Exercise directions :: Repeat the lines from the one containing "teaparty, sweet muffins and tea." through the last line of the data, exactly, pictures omitted.

Dataset records ::

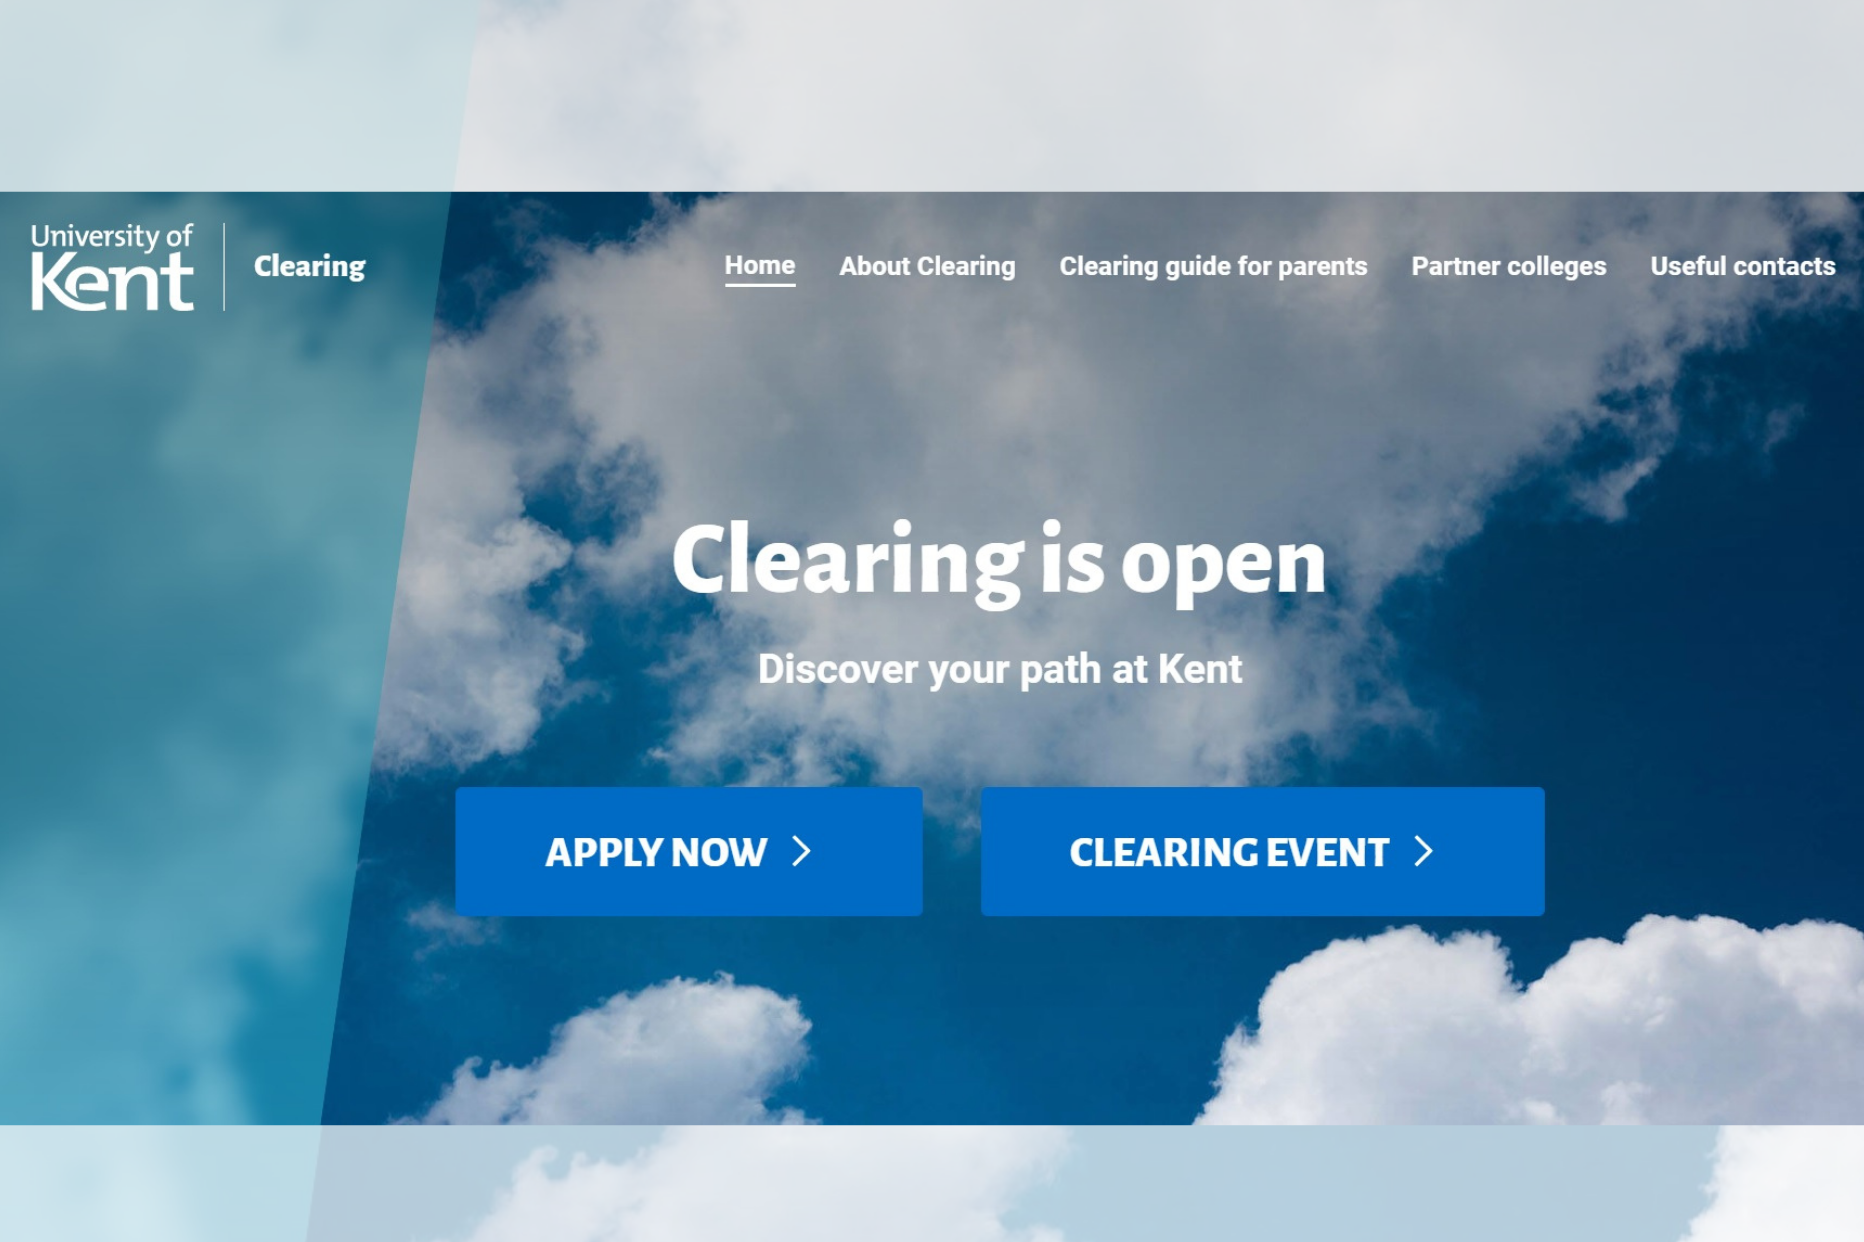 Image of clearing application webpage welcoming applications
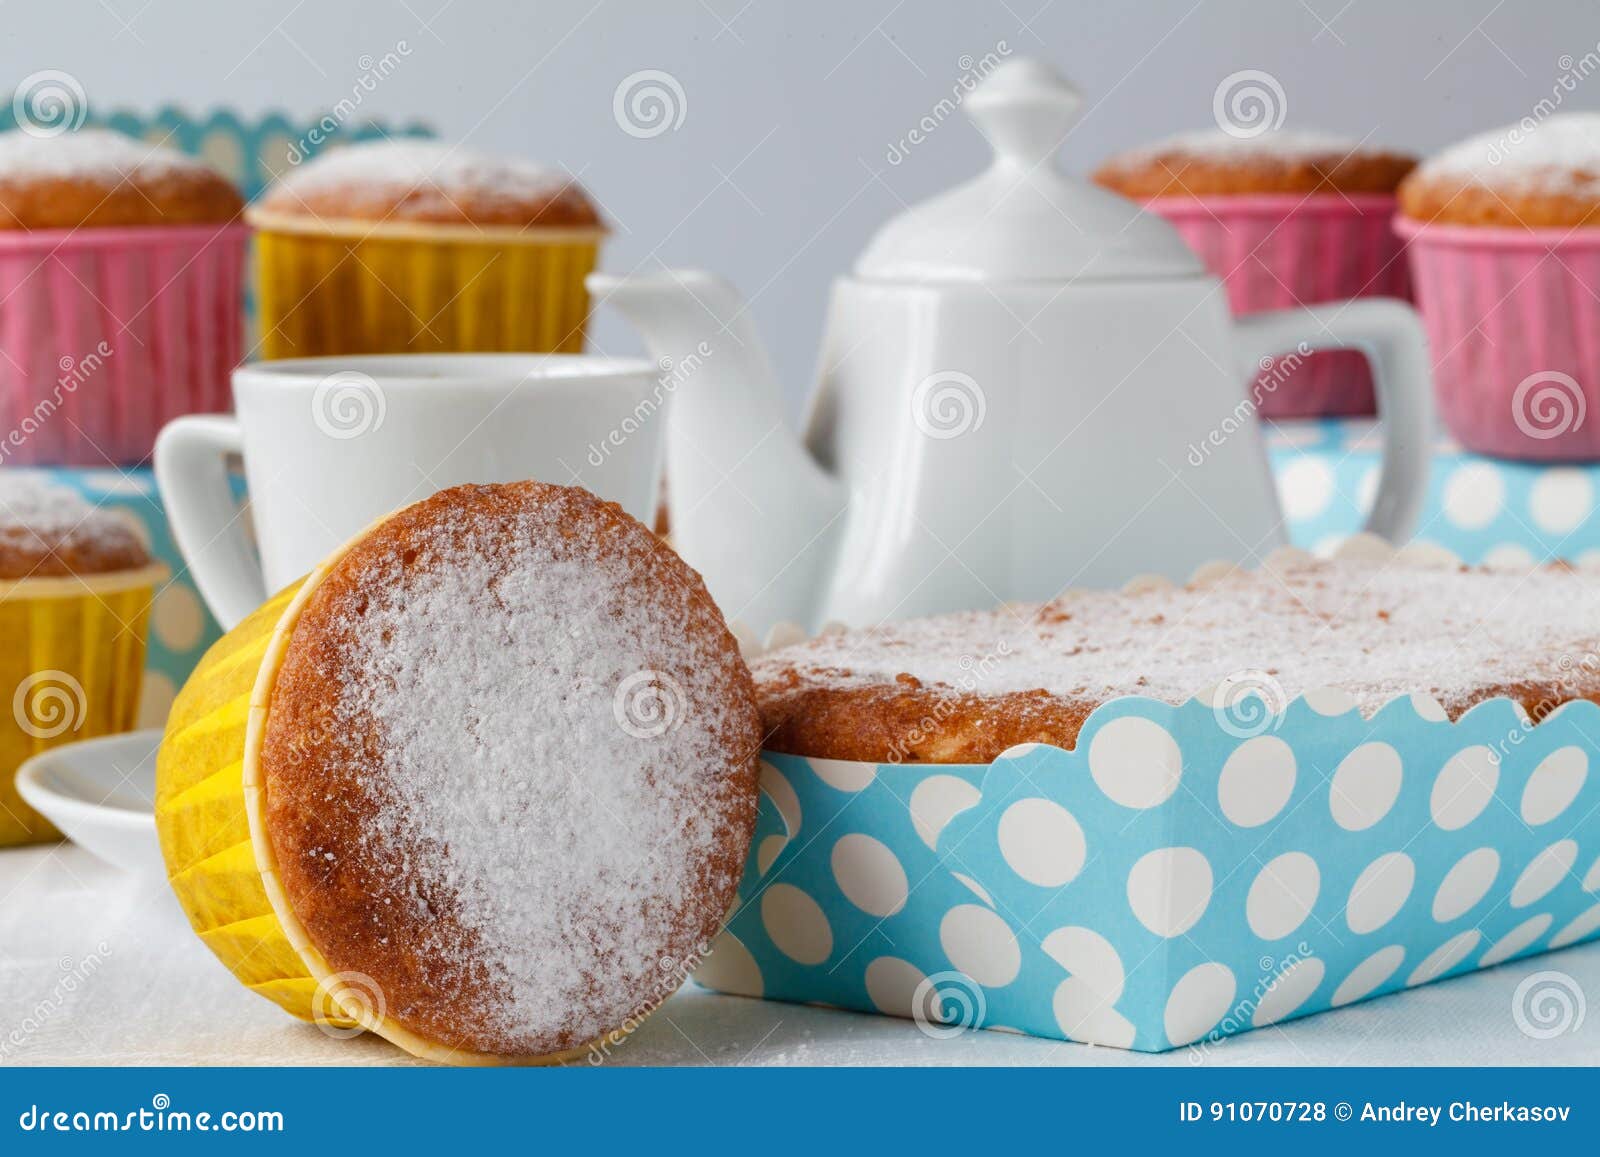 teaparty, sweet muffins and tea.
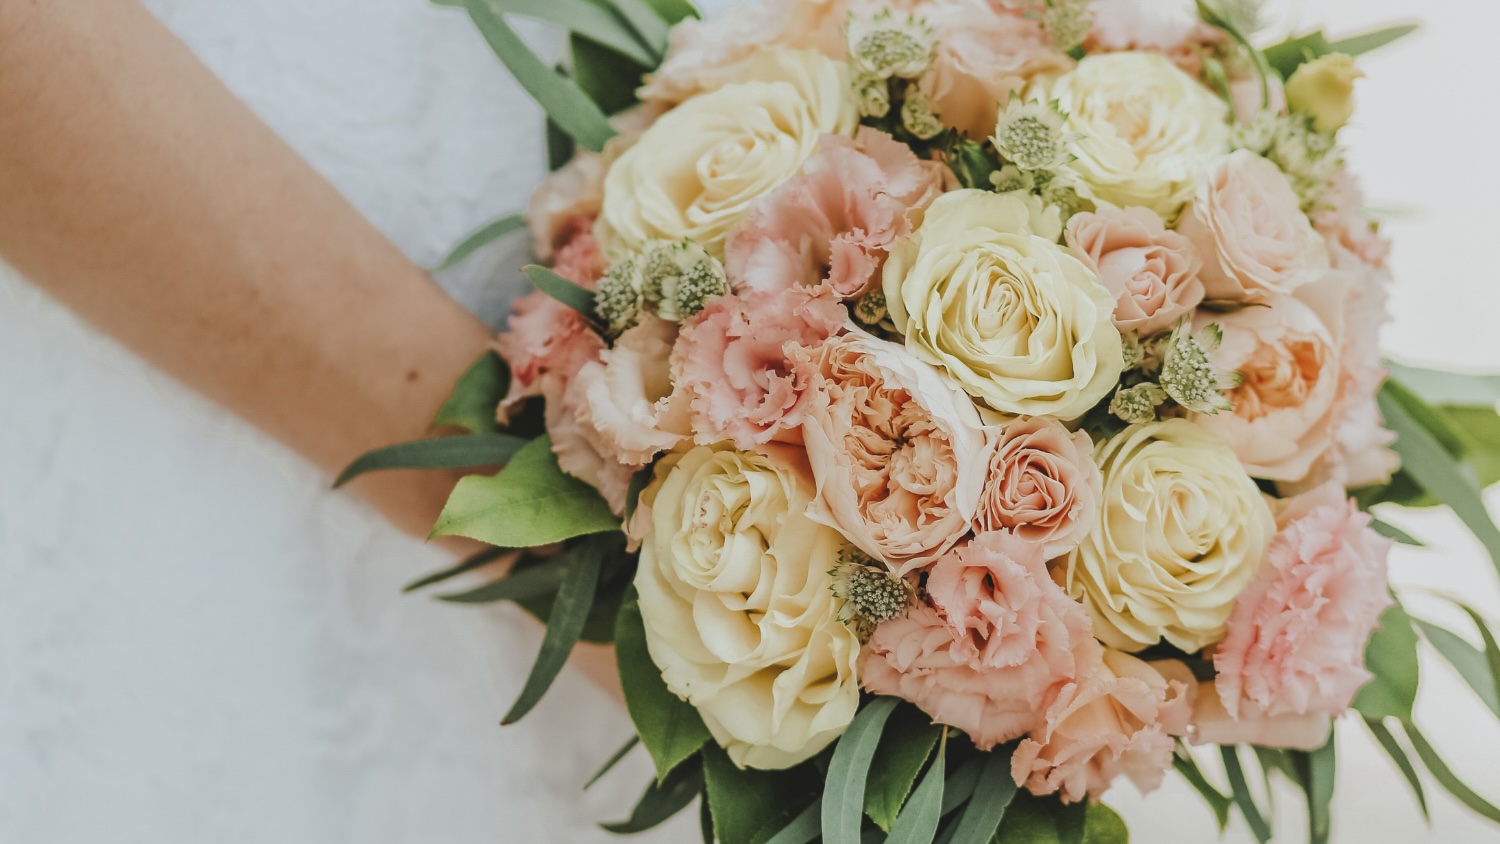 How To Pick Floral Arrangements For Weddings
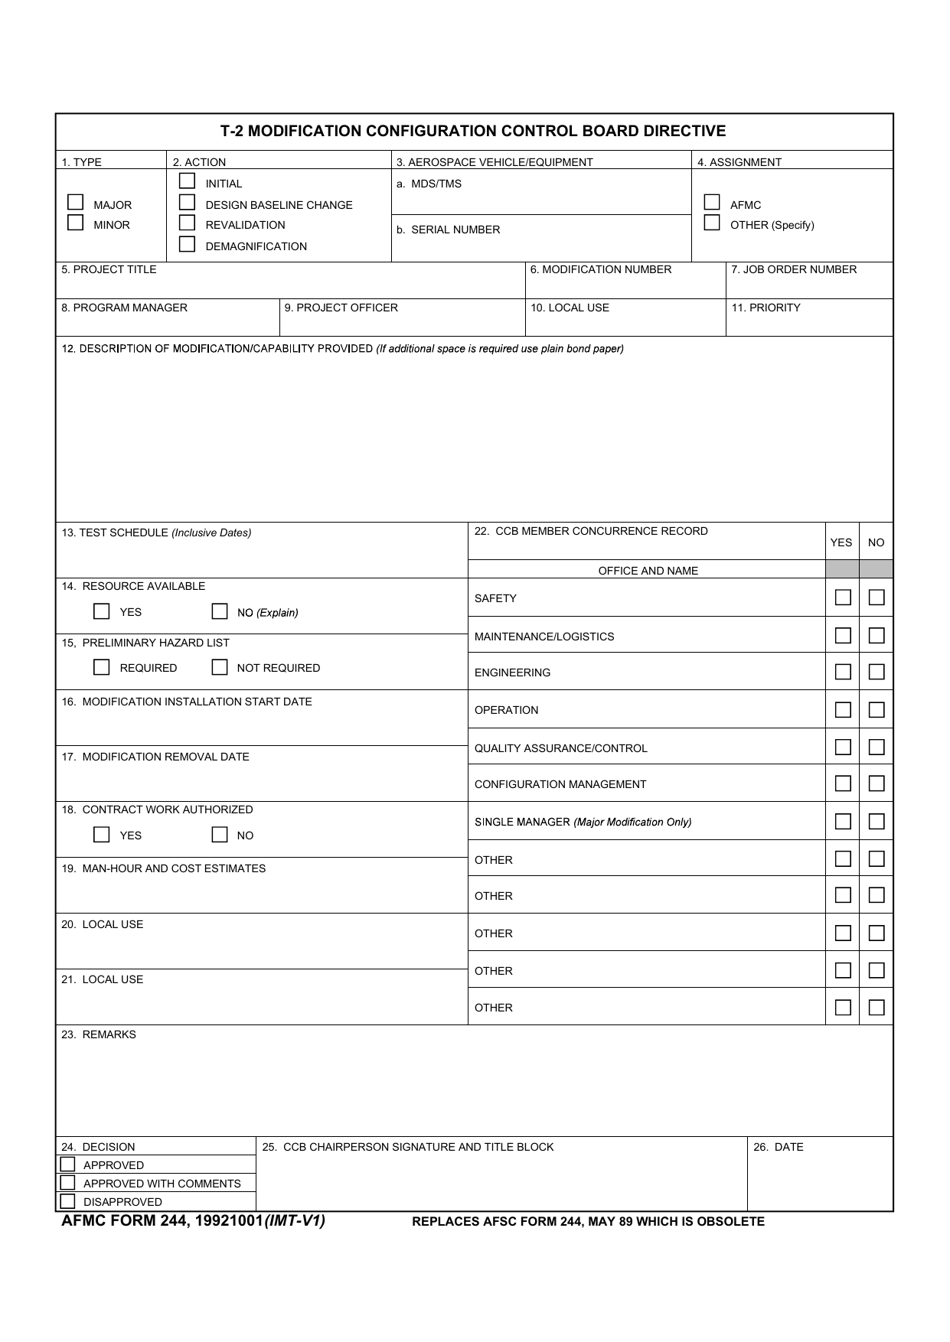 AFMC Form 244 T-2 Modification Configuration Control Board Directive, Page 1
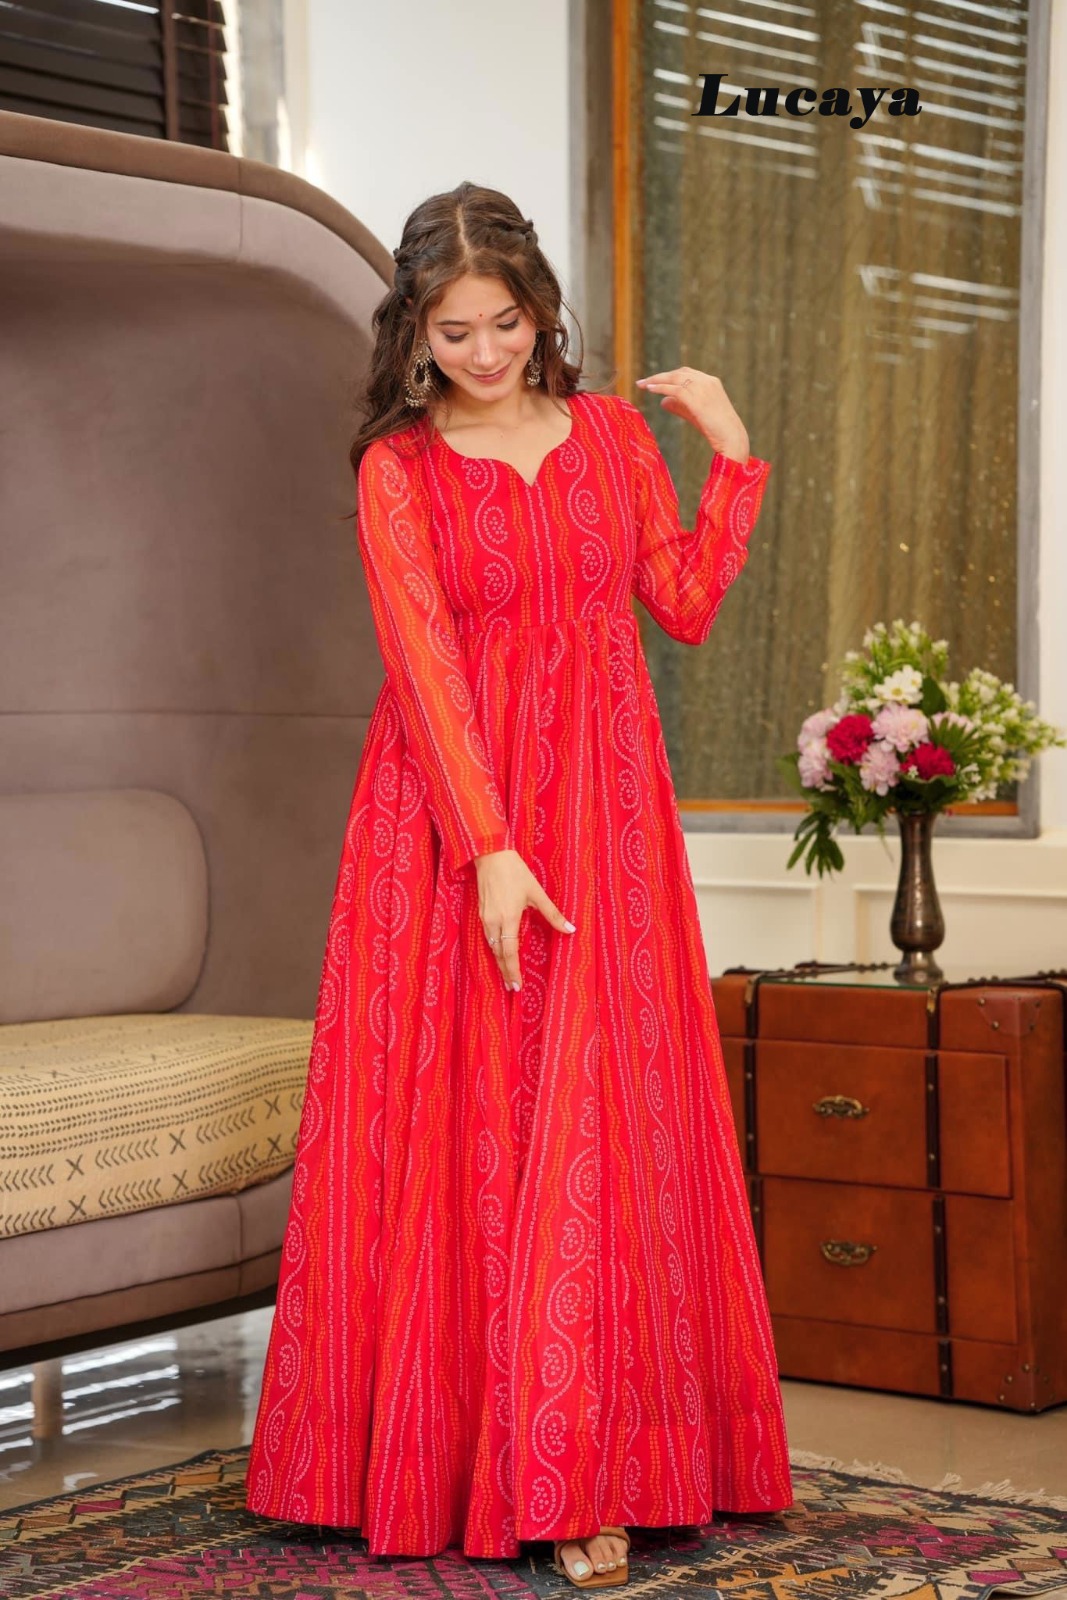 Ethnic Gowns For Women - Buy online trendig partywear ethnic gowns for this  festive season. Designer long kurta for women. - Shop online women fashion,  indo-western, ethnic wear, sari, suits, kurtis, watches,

Response for this exercise ::
 teaparty, sweet muffins and tea.
 How To Pick Floral Arrangements For Weddings
 AFMC Form 244 T-2 Modification Configuration Control Board Directive, Page 1
 Ethnic Gowns For Women - Buy online trendig partywear ethnic gowns for this  festive season. Designer long kurta for women. - Shop online women fashion,  indo-western, ethnic wear, sari, suits, kurtis, watches,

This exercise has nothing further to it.